There is nothing inherently European about Hg K, at least in the modern INDO-euro sense.
It may be more of a factor in the pre-indo Euro peoples as evidenced by Otzi, however it did not make a major jump for whatever reason into most modern Europeans, and is a tiny vestigial component in most Europeans today.

I dont see even the REMOTEST rational for suggesting Ashkenazi populations have Maternal "European" heritage IF this is based off of the dominant Hg MTdna K segment of the population, if only for the reason that we find ancient Hg K samples in the Levant/Modern Israel, Lebanon, Syria, going back to 8,000 b.c.

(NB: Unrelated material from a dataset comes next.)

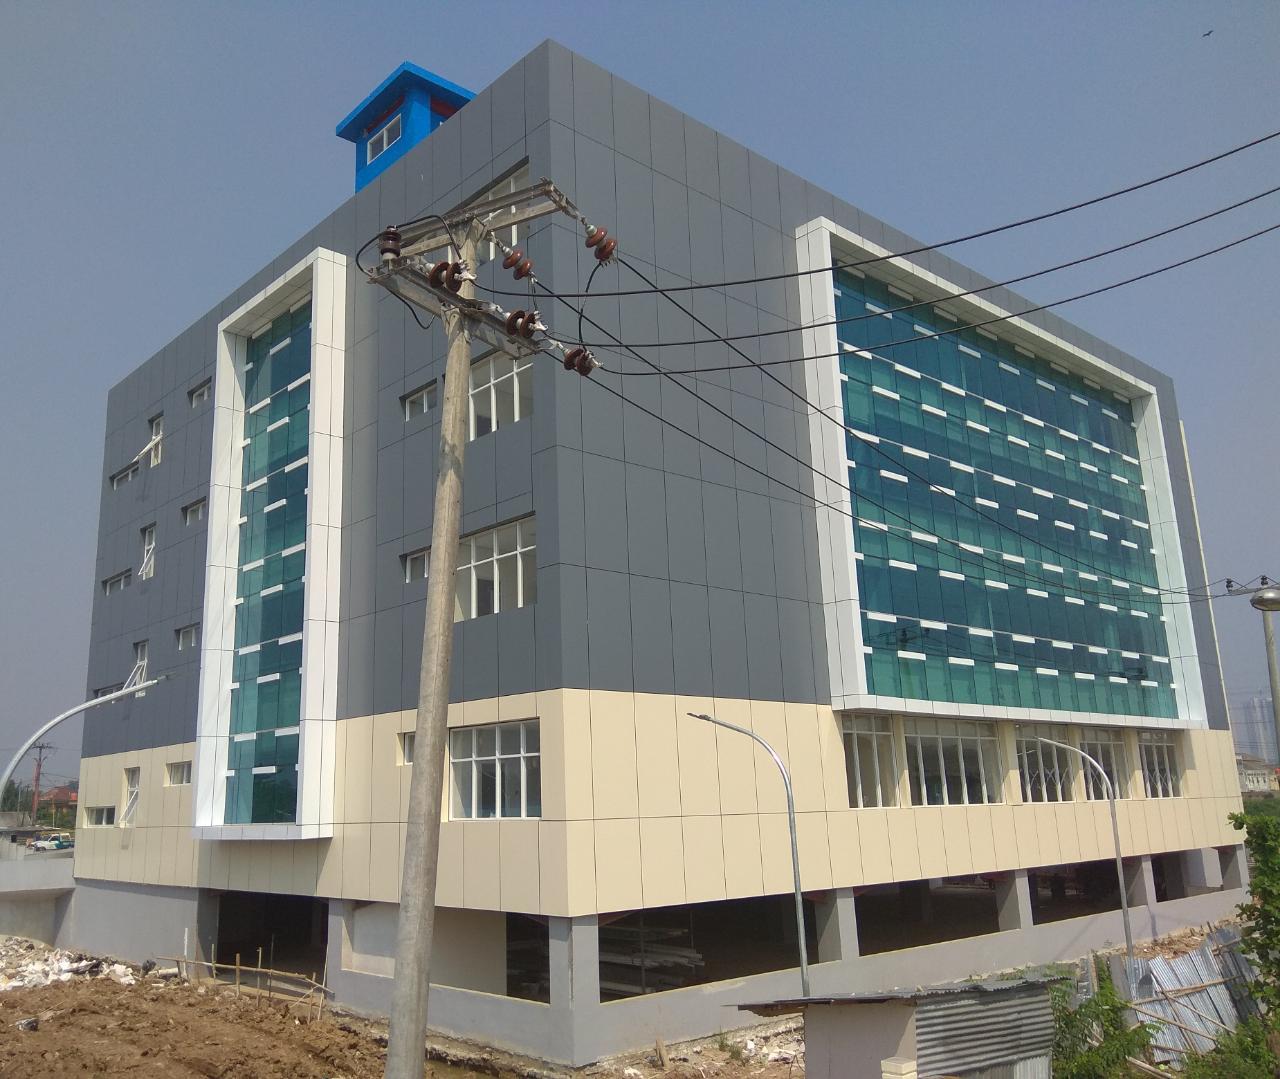 tukang pasang ACP spesialis jasa pasang aluminium composite panel Seven di Jakartaspecialist high rise building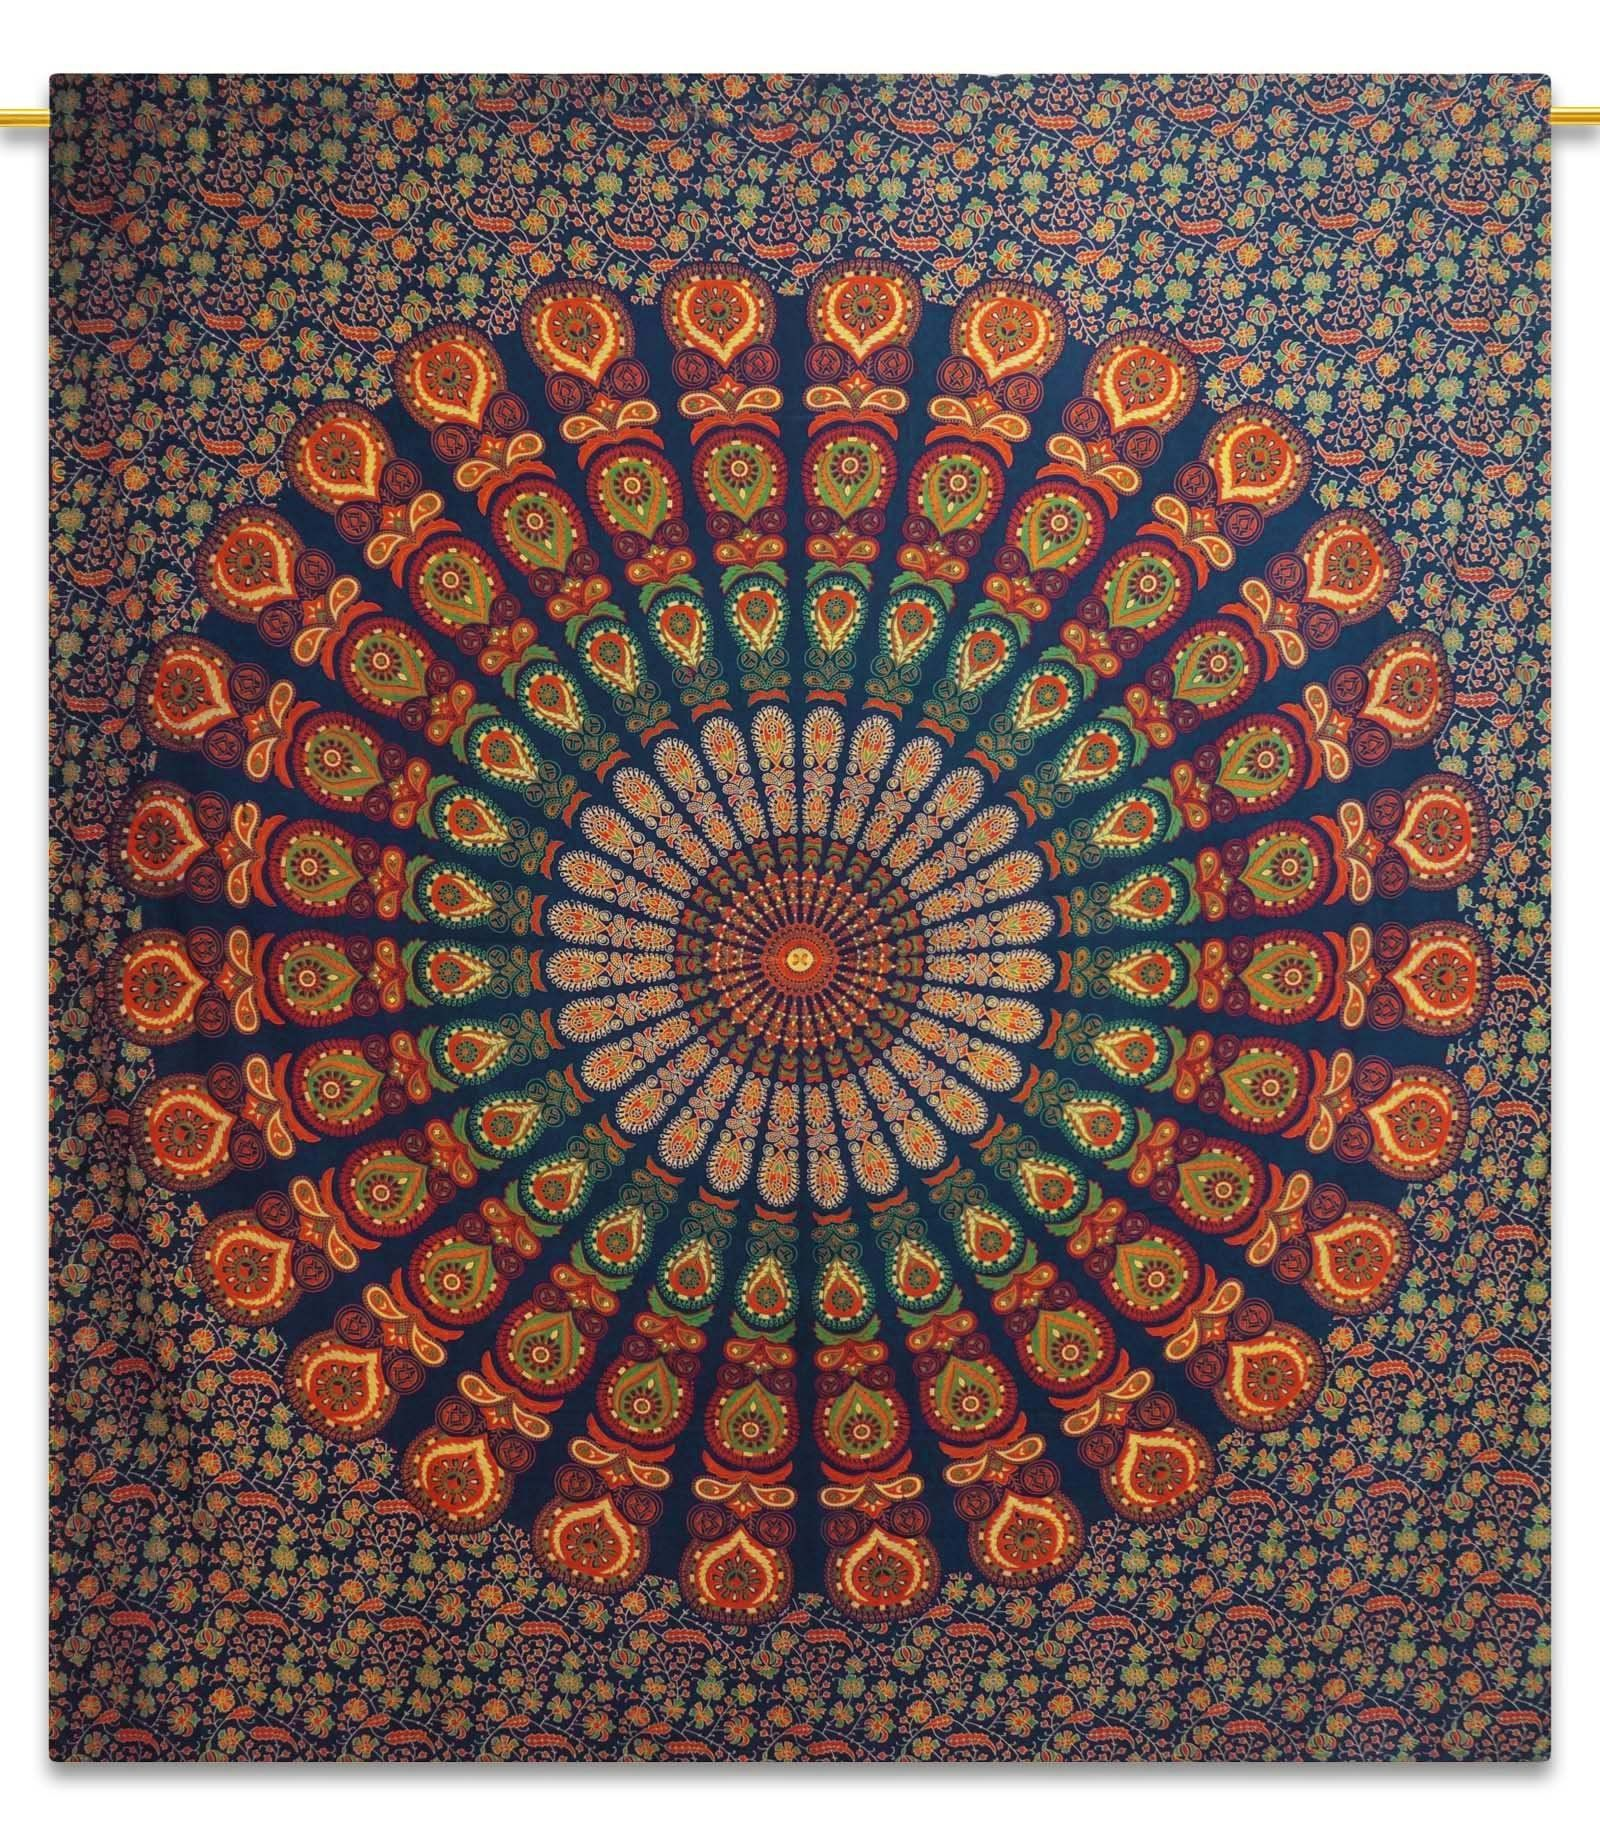 Amazon Queen Bleu handicrunch mandala coton bleu tapisserie pleine grandeur

http://www.plosgenetics.org/article/...entation=PNG_M

The sampling if anything, seems to indicate that almost every modern MTdna region from africa, central asia, and europe was probably accounted for in the levant at a very early pre-historic period, including K.

http://www.plosgenetics.org/article/...l.pgen.1004401

Quote:
MtDNA haplogroups could be assigned to 14 out of the 15 skeletons according to the HVS1 sequences obtained and on the diagnostic Single Nucleotide Positions (SNPs) typed following Phylotree rCRS oriented version 15 (Tables 1 and S6). Haplogroup K was the most prevalent, (N = 6, 42.8%) followed by R0 (N = 3, 21.42%) and H (N = 2, 14.28%).
Haplogroup R0 is especially prevalent in the Near East and North Africa with a mean frequency in both regions around 6%. The maximum frequencies of R0 were detected in South Arabian populations such as Bedouin, Oman and Saudi Arabia (Table S7). The rare European haplogroups U* and N* were also detected in 2 individuals in our ancient sample. The mean frequency of haplogroup U* is 2% in the Near East, 0.9% in the Caucasus region and around 1% in Europe, whereas the N* mean frequency is less than 1% in all three datasets.
Finally, the skeleton H8 belonged to the African L3 lineage, this being the most prevalent African haplogroup
While the MT Hg K in Ashkenazic populations could conceivably originate from a central asian or euro maternal ancestry, it could also originate from a levantine population just as likely -
I think in my own personal opinion, the motivation in attempting to proclaim this MT K heritage a European maternal introgression has more to do with attempting to reconcile the difference in dominant maternal heritage between Ashkenazic populations vs. the dominant maternal Hg among Sephardi, Mizrahi etc.., and explain it in a acceptable context that does not disturb other "apple carts", or introduce other issues, as it were.

Last edited by Aperipatetic1; 20th August 2014 at 03:09 PM.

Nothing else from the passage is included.